I spent more hours than I could count inside Ellis Library when I was a student at the University of Missouri.
It’s a big building, more or less in the middle of campus, which is handy if you expect students to, you know, go inside, poke around and discover things. There’s a side door that leads – well, used to anyway – to a small theater where they showed classic films that one is supposed to have seen. I think it’s where I saw “Citizen Kane.” Love that space.
Another side door opened to a long hallway. Somewhere down that hallway was the State Historical Society of Missouri. What I remember is that they displayed art – generally editorial cartoons from newspapers – in that long hallway and anyone was welcome to view it. Walk in. Learn something. It’s free. I greatly enjoyed that.

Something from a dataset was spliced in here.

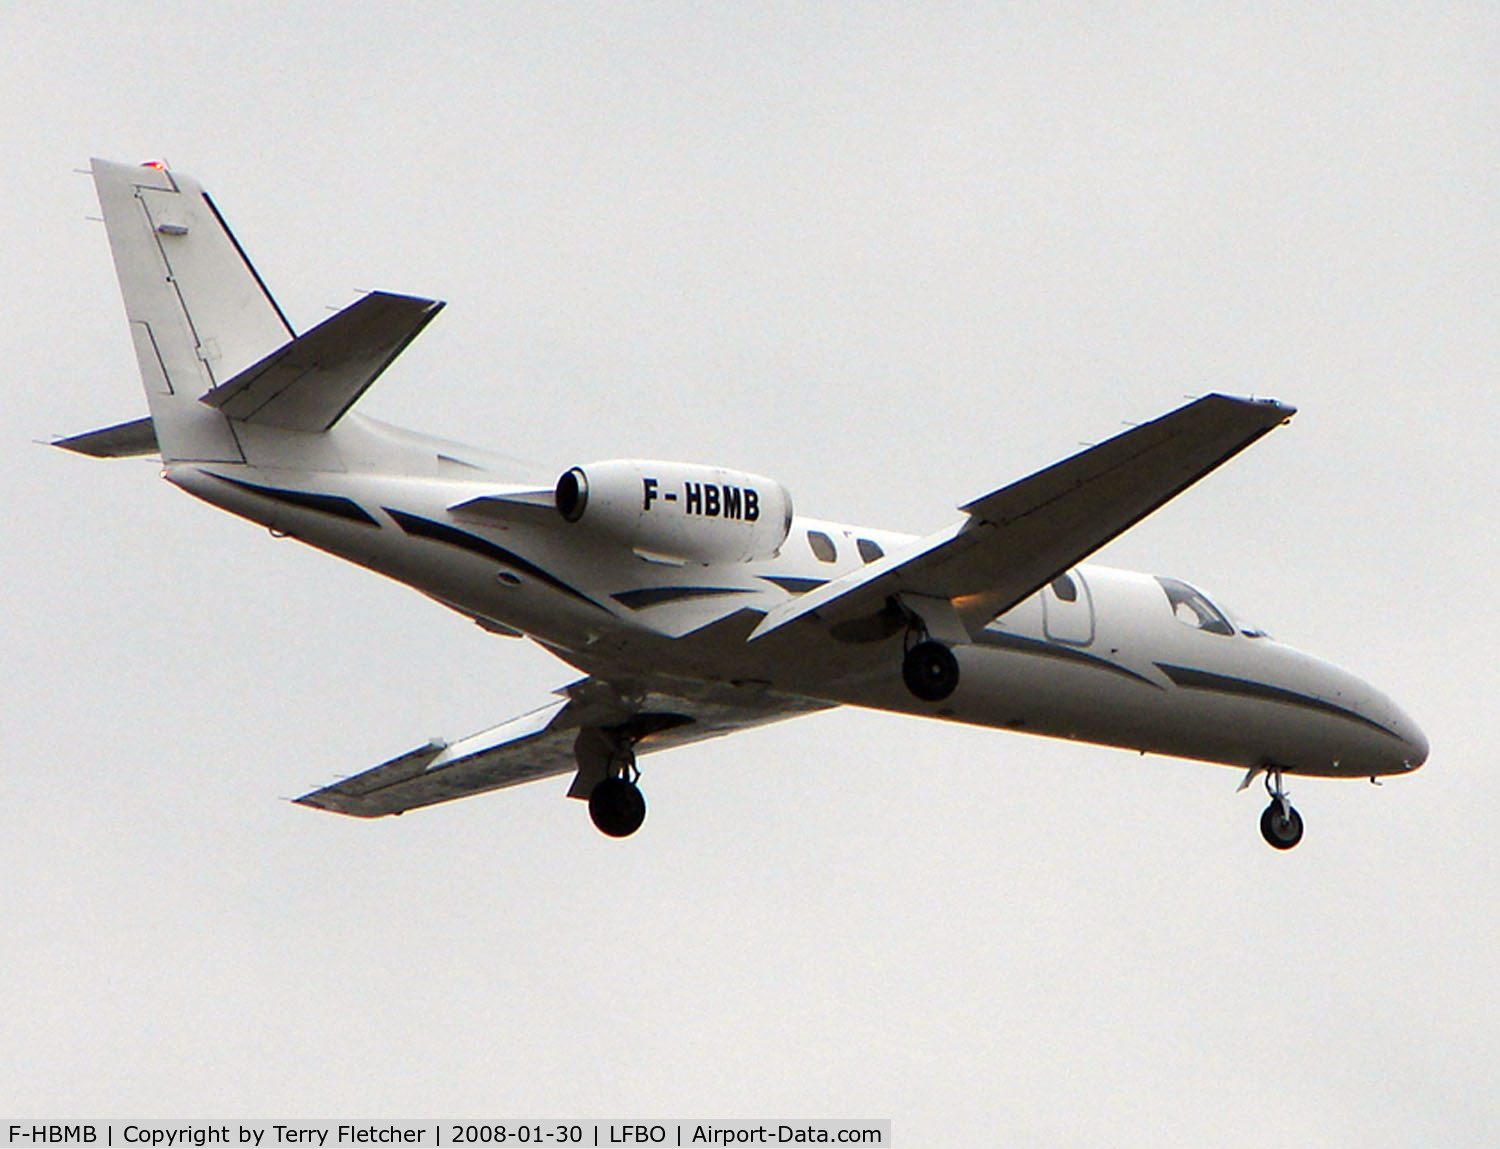 F-HBMB, 1982 Cessna 550 Citation II C/N 550-0324, Citation 550 about to land at Toulouse in January 2008
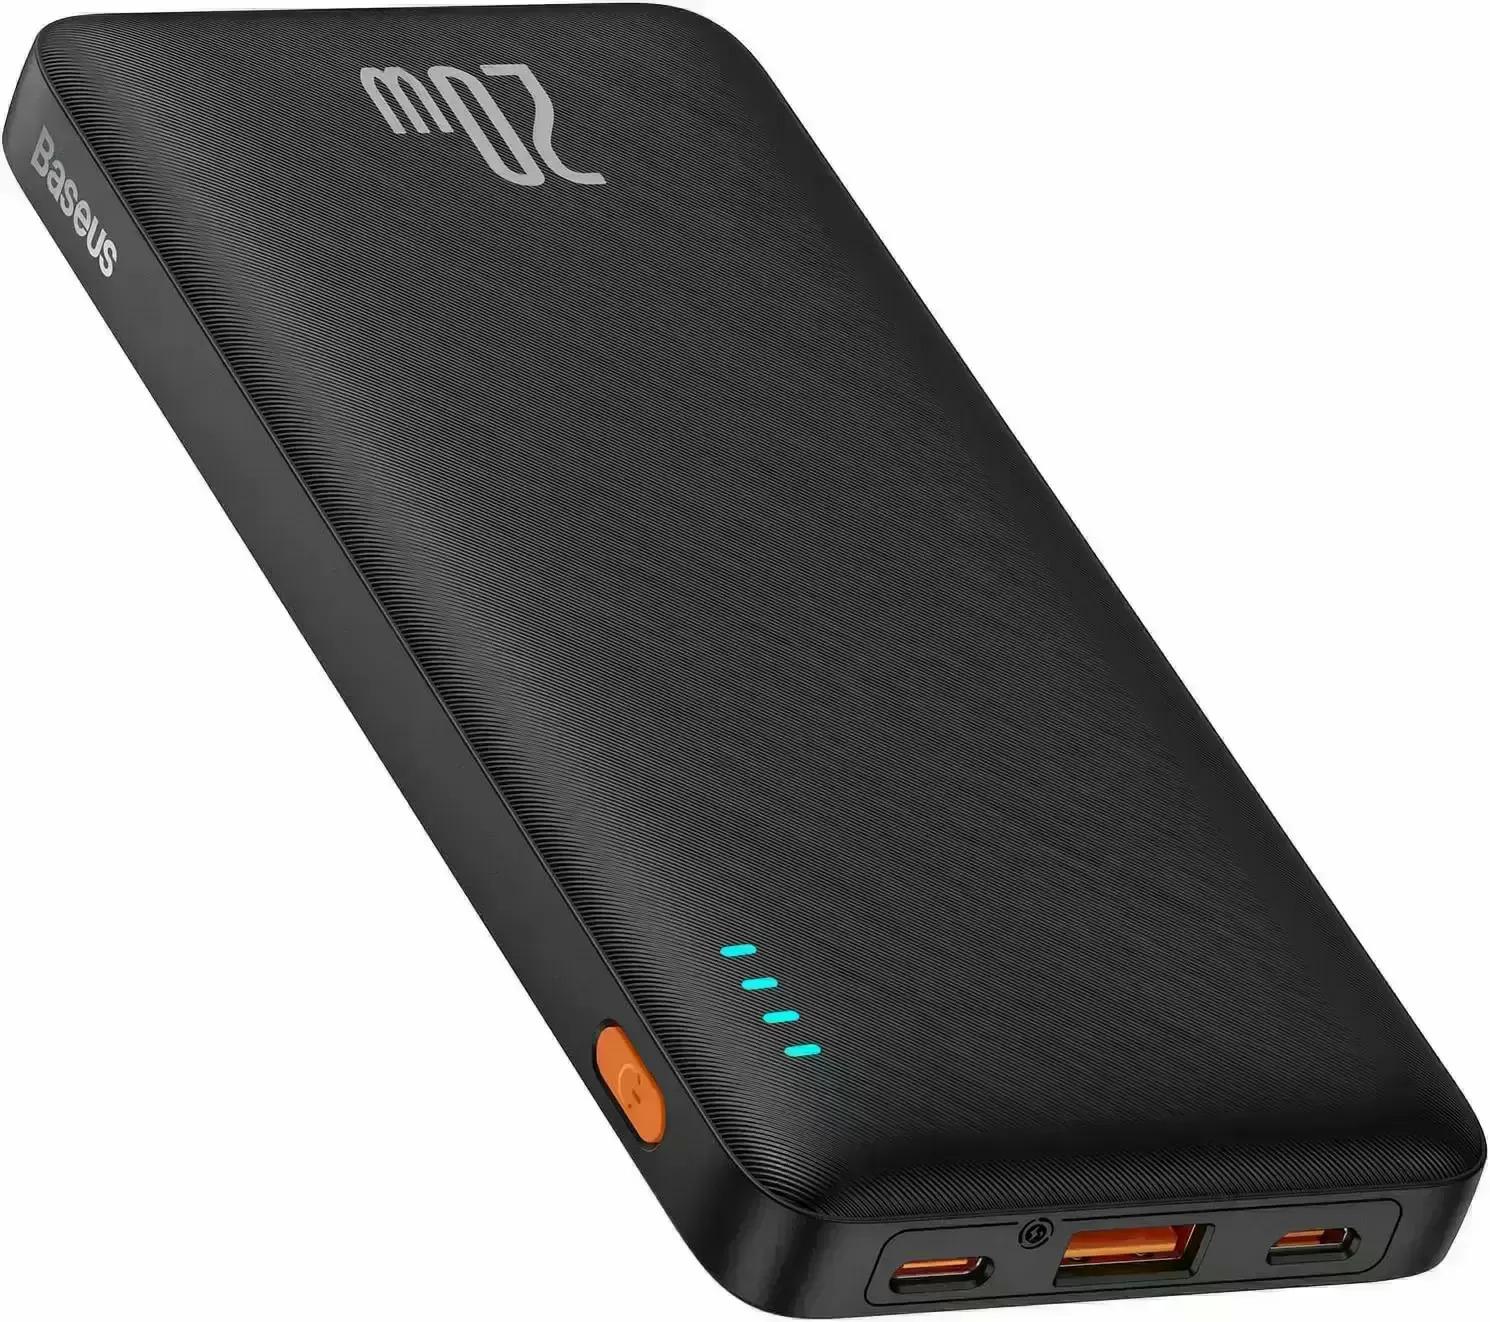 Baseus PD 20W 10000mAh Portable Charger Power Bank for $11.99

That was decades ago. As of last Saturday, the State Historical Society of Missouri has a new home. It’s on Elm Street across from Peace Park, so for all intents and purposes it’s still on campus, which is a fine thing.
The Center for Missouri Studies gives the Historical Society far more space now for research, classes, events and, yes, the display of art. The George Caleb Binghams as well as the Thomas Hart Benton “The Year of Peril” works currently on display are terrific, as is the Greta Kempton painting of Harry, Bess and Margaret Truman.
In short, this place is marvelous, something our state has needed for a long, long time.
“Those of us who are students of history celebrate this day,” said Clyde Ruffin, a theater professor at the university and a Columbia City Council member.
When I visit – family history research apparently never ends – I won’t pass up the chance to see a Benton or a Bingham, but the stacks of books and microfilm will be the main draw.
“Archives really are our labs,” said Catherine Rymph, chair of the History Department at Mizzou.
She said the university is developing a minor in Missouri studies. I wouldn’t trade my days on campus for anything, but it would have been nice if they’d had that back then.
Oh well. The main thing is to keep looking forward, and this facility will help us do that.
Forgive me for bringing up again one of Truman’s more popular quotes: “The only thing new in the world is the history you don’t know.” It’s true, and it’s worth remembering.
But it’s also true that invariably there’s more to the story than we remember, that life was as complex and challenging back in the day as it seems now, and that flesh-and-blood people – not the almighty hand of history – make the decisions that shape our world. It’s time to hit the stacks.